- [Task item]
Print the listing in its entirety and exactly, leaving out images.

- [Collected material]

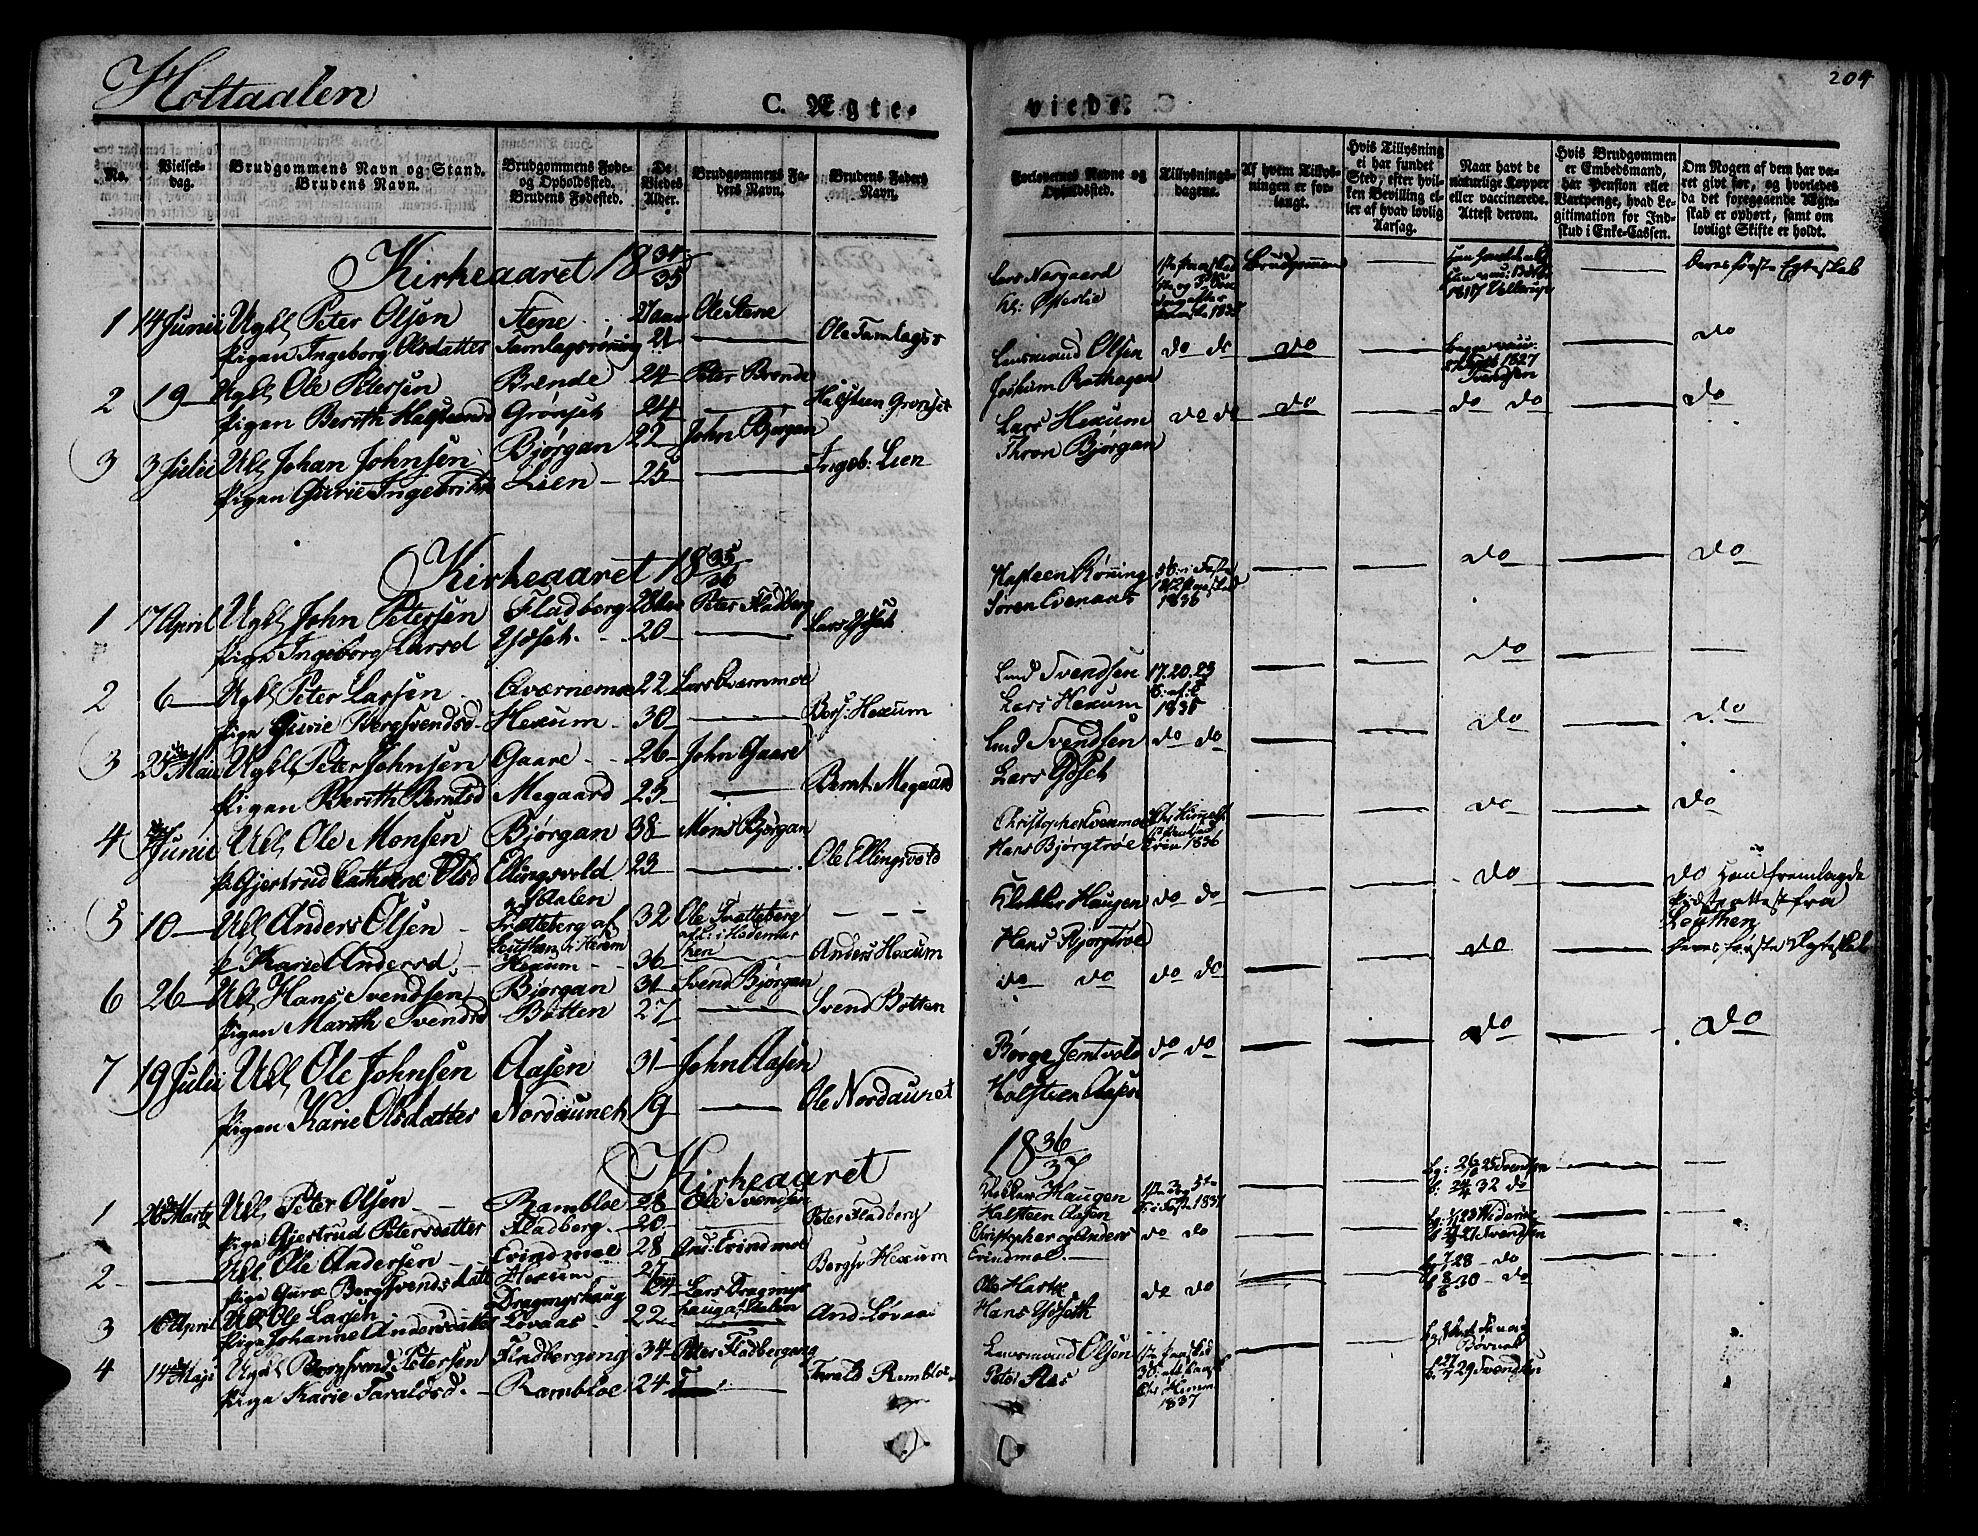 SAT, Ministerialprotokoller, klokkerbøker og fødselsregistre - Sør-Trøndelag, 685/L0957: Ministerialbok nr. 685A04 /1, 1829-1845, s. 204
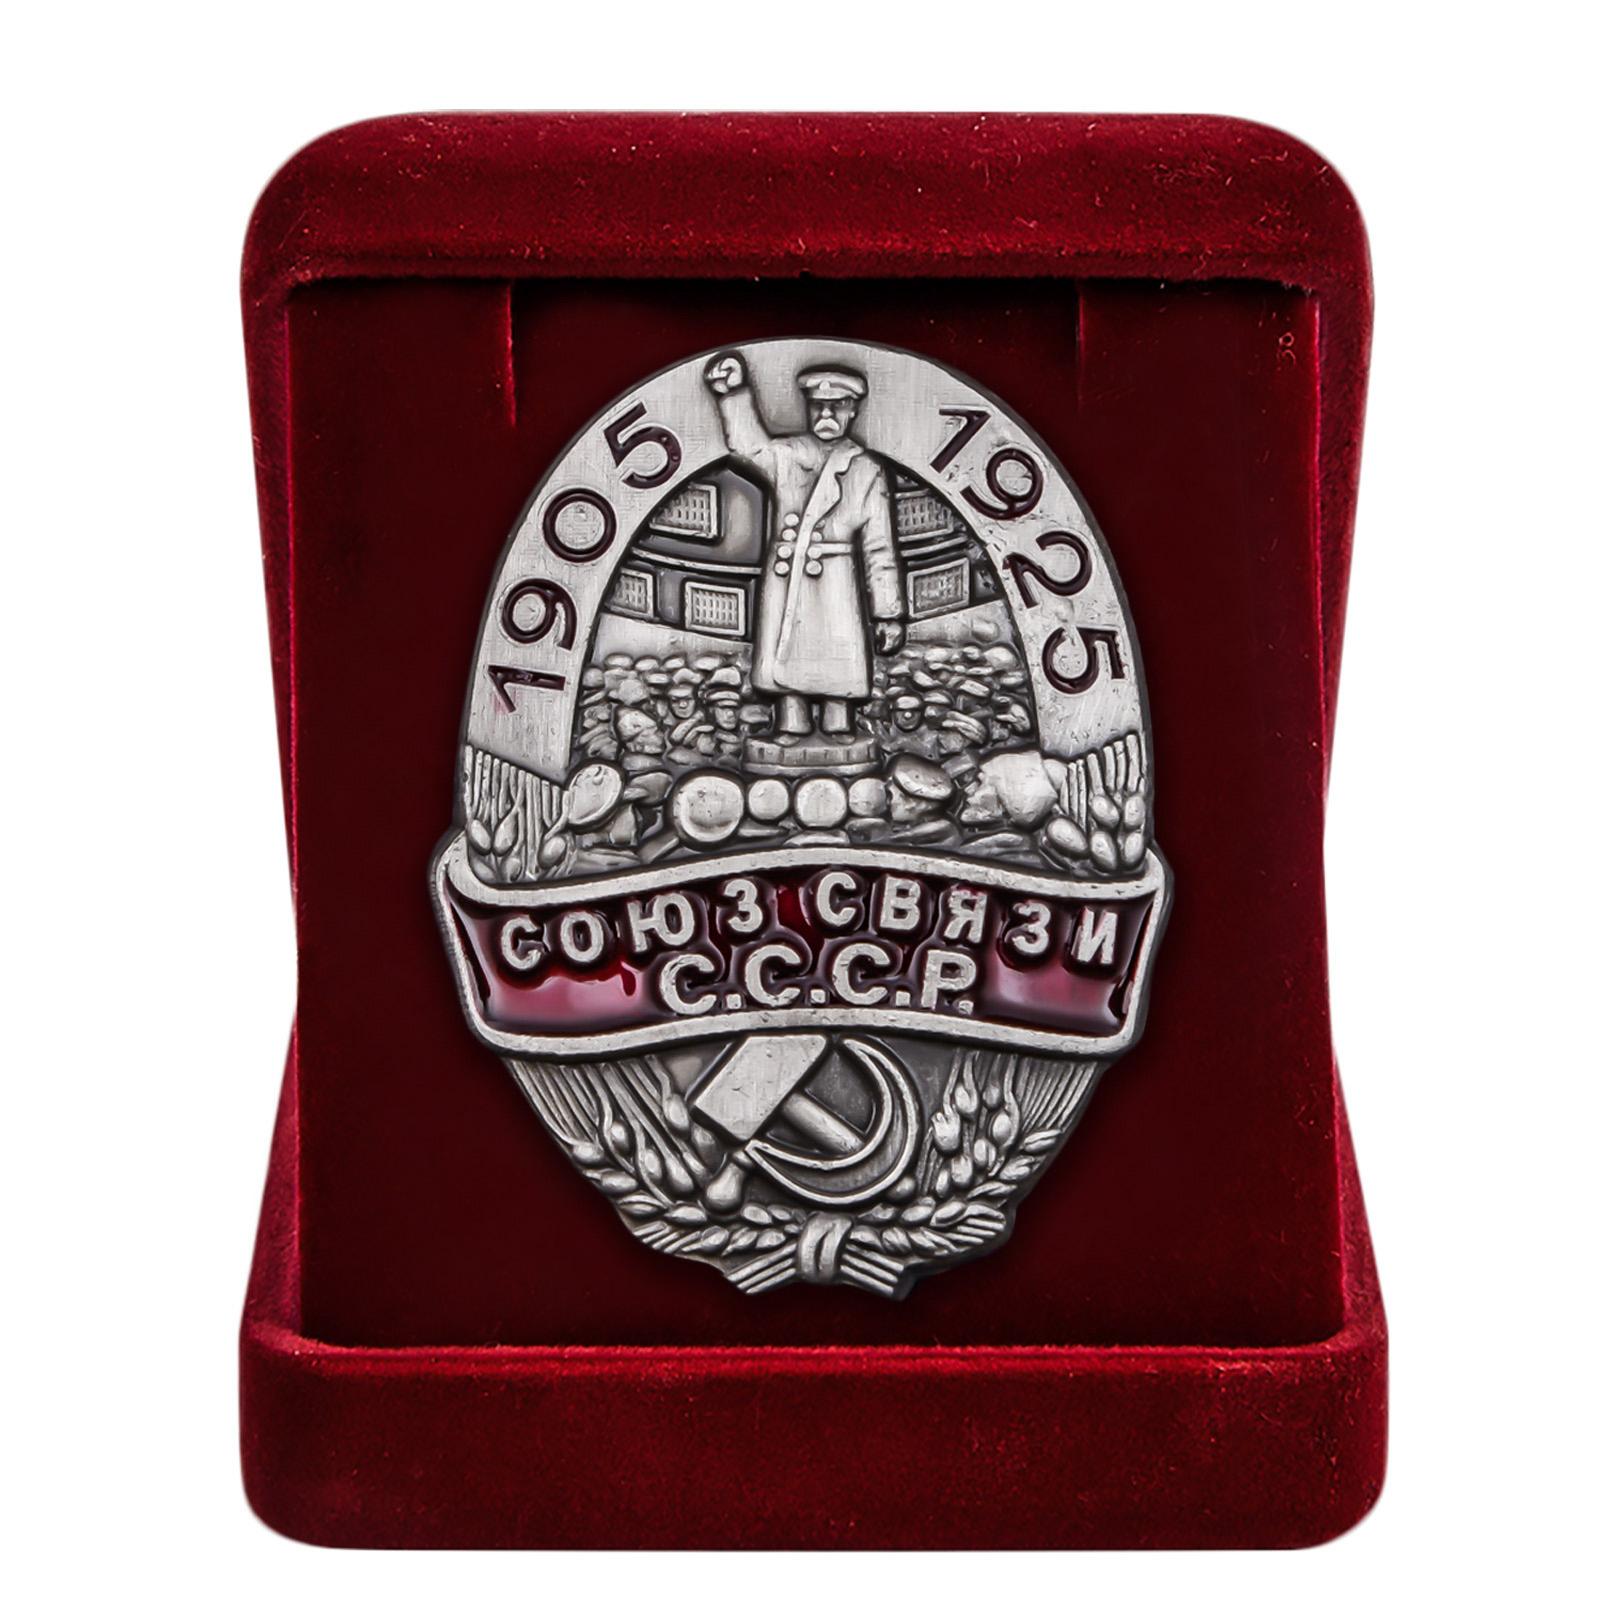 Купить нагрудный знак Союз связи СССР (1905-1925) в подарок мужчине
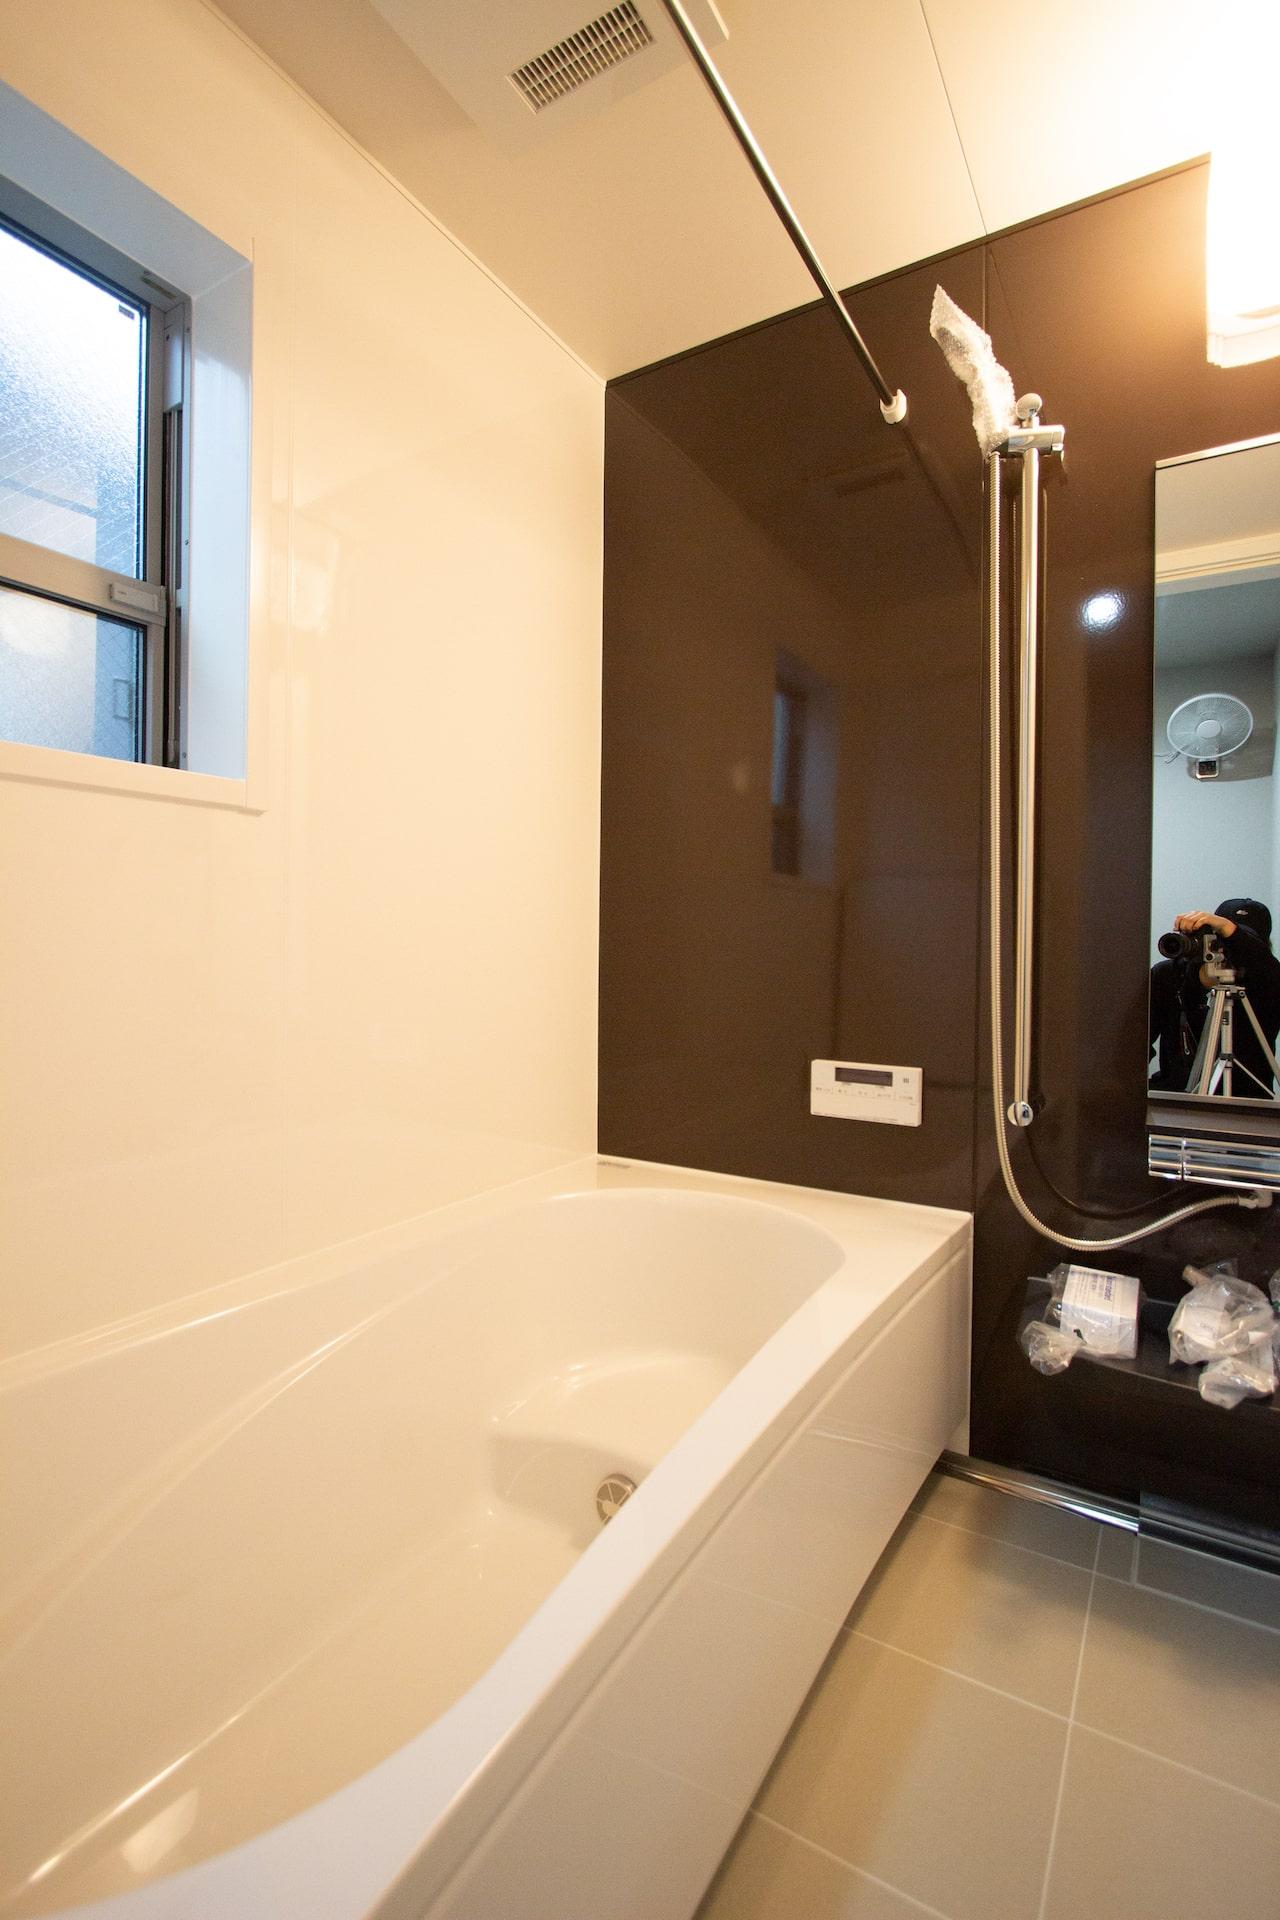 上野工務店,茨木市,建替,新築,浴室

- [Reply to the task]
 SAT, Ministerialprotokoller, klokkerbøker og fødselsregistre - Sør-Trøndelag, 685/L0957: Ministerialbok nr. 685A04 /1, 1829-1845, s. 204
 Купить нагрудный знак Союз связи СССР (1905-1925) в подарок мужчине
 上野工務店,茨木市,建替,新築,浴室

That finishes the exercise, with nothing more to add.